- [EXERCISE PROMPT] Leave out the pictures, and print exactly the lines from the one holding "ハレルヤ feat.BASI』収録の『ハレルヤ feat.BASI』ジャケット" through the last line of the material.

- [DATA BELOW]
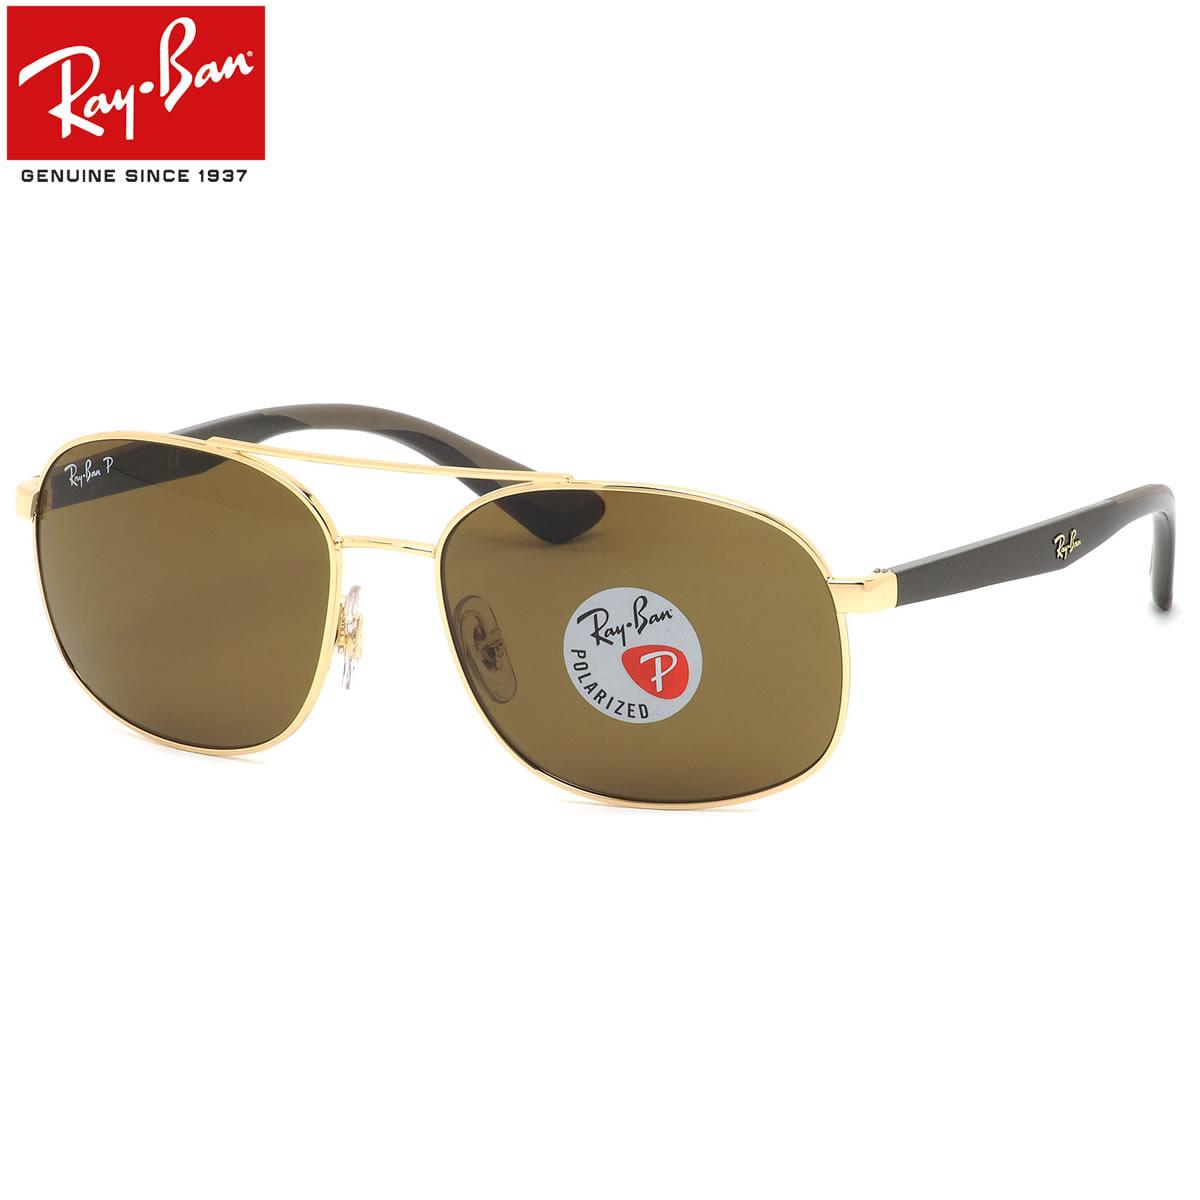 Ray-Ban レイバン サングラス RB3593 001/83 58サイズ ダブルブリッジ ツーブリッジ ラバー コンビネーション ブラウン 偏光 ポラライズド メンズ レディース
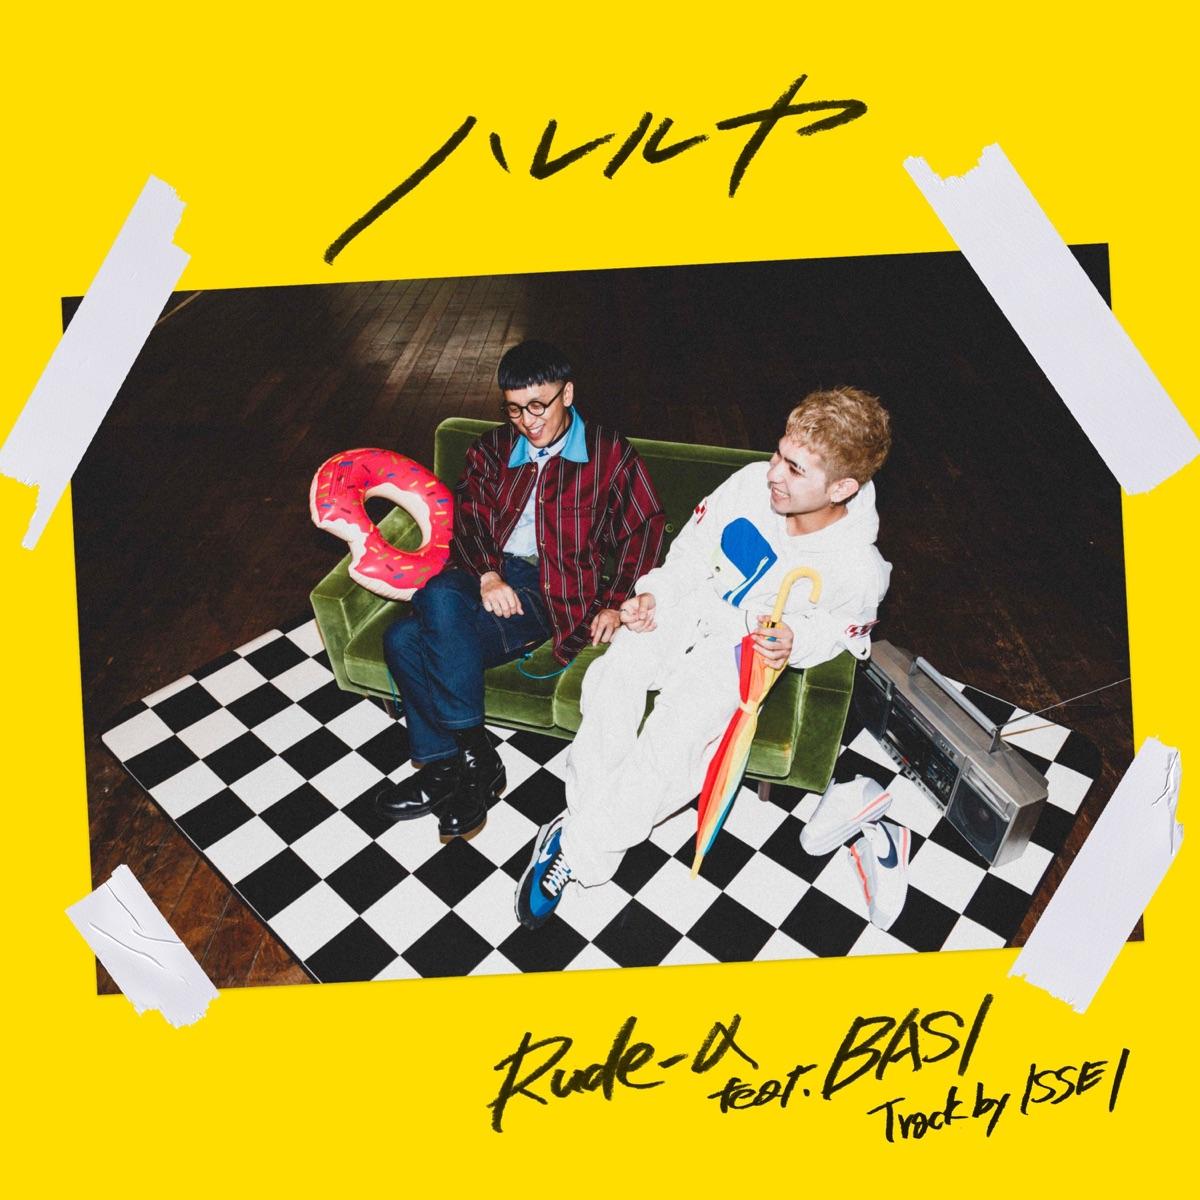 『Rude-α - ハレルヤ feat.BASI』収録の『ハレルヤ feat.BASI』ジャケット
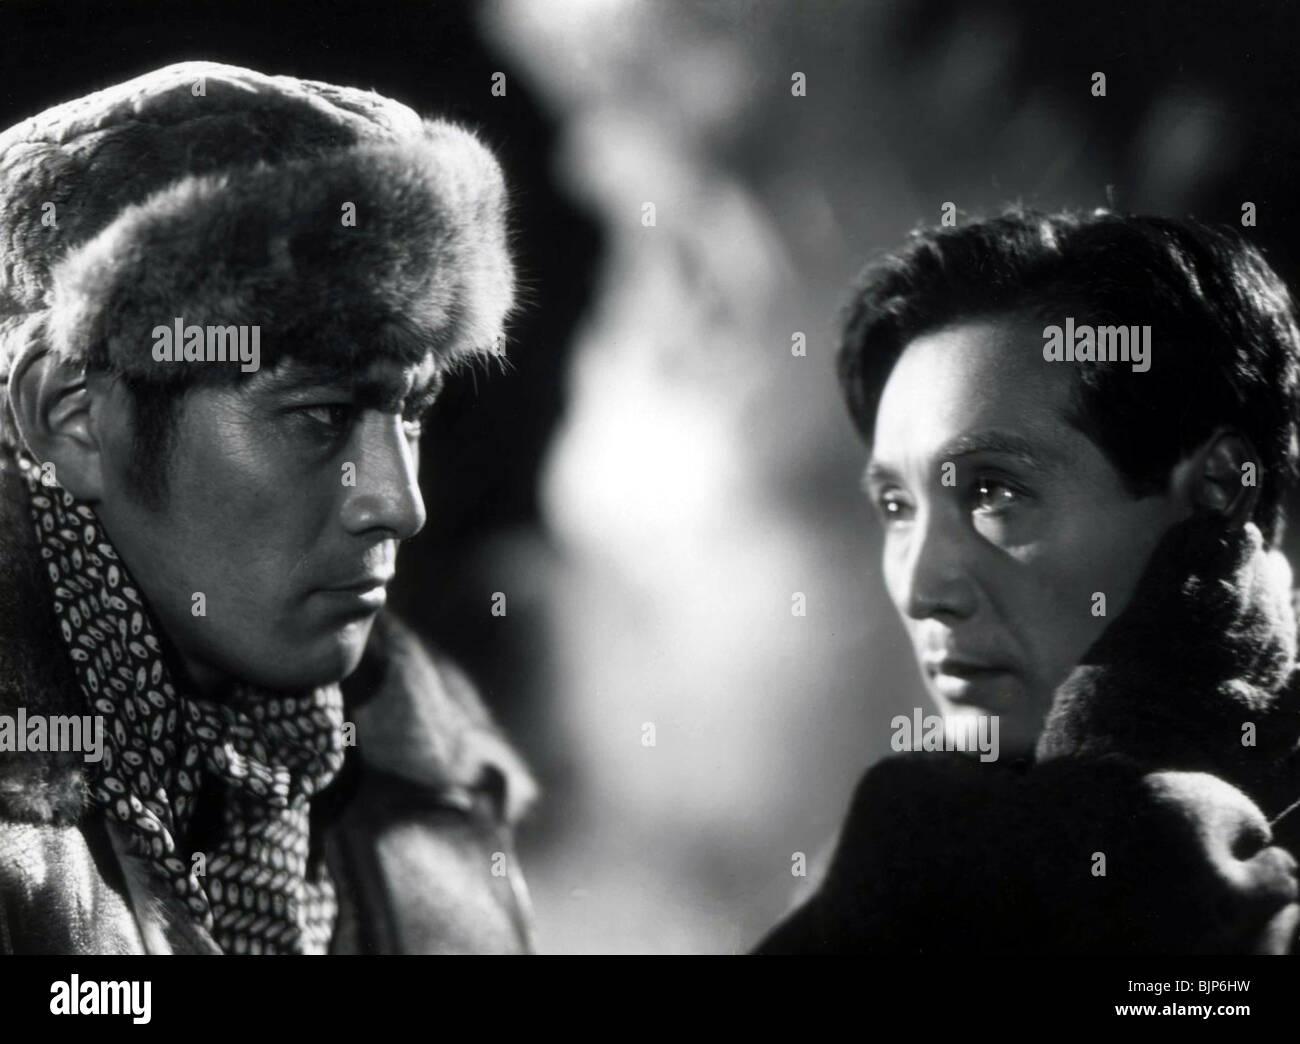 L'IDIOT (1951) Akira Kurosawa (DIR) TIDI 001 Photo Stock
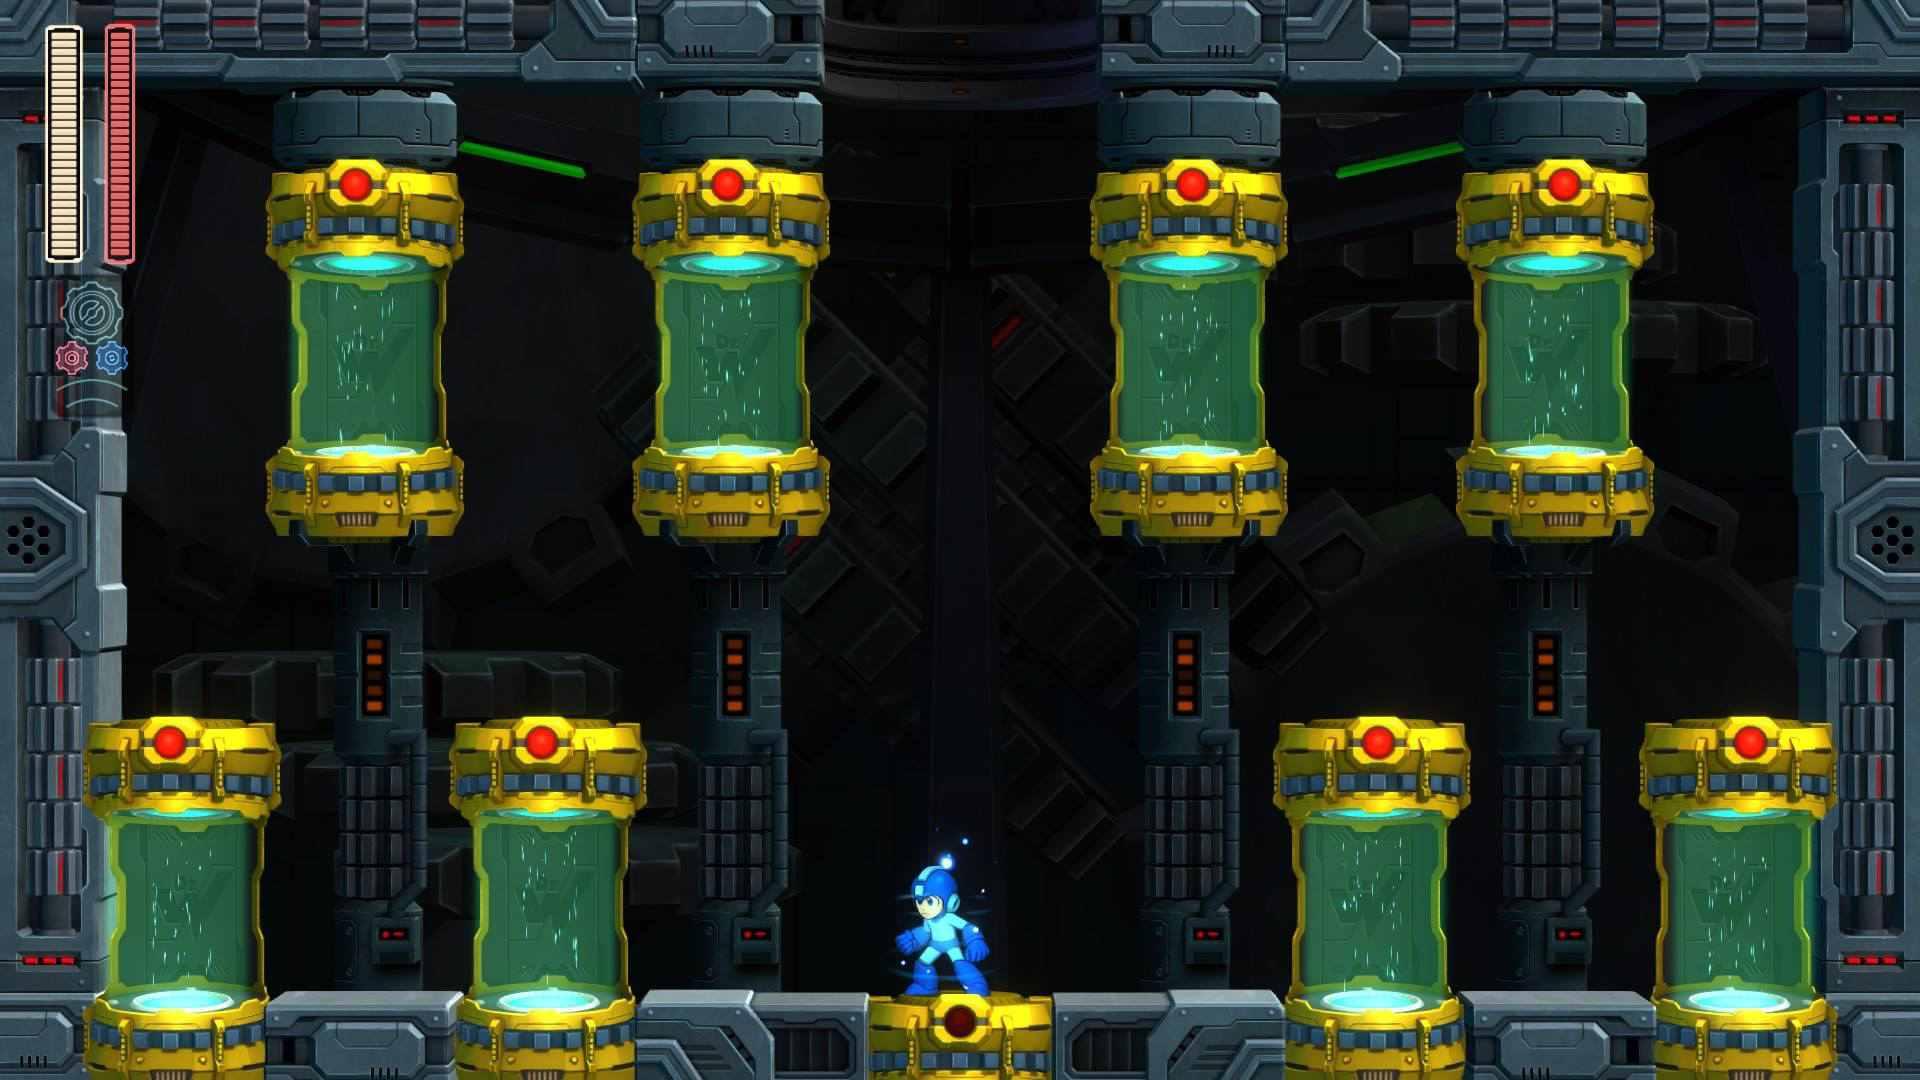 The robot master gauntlet in Mega Man 11

- [SOLUTION TO THIS TASK]
 『Rude-α - ハレルヤ feat.BASI』収録の『ハレルヤ feat.BASI』ジャケット
 L'IDIOT (1951) Akira Kurosawa (DIR) TIDI 001 Photo Stock
 The robot master gauntlet in Mega Man 11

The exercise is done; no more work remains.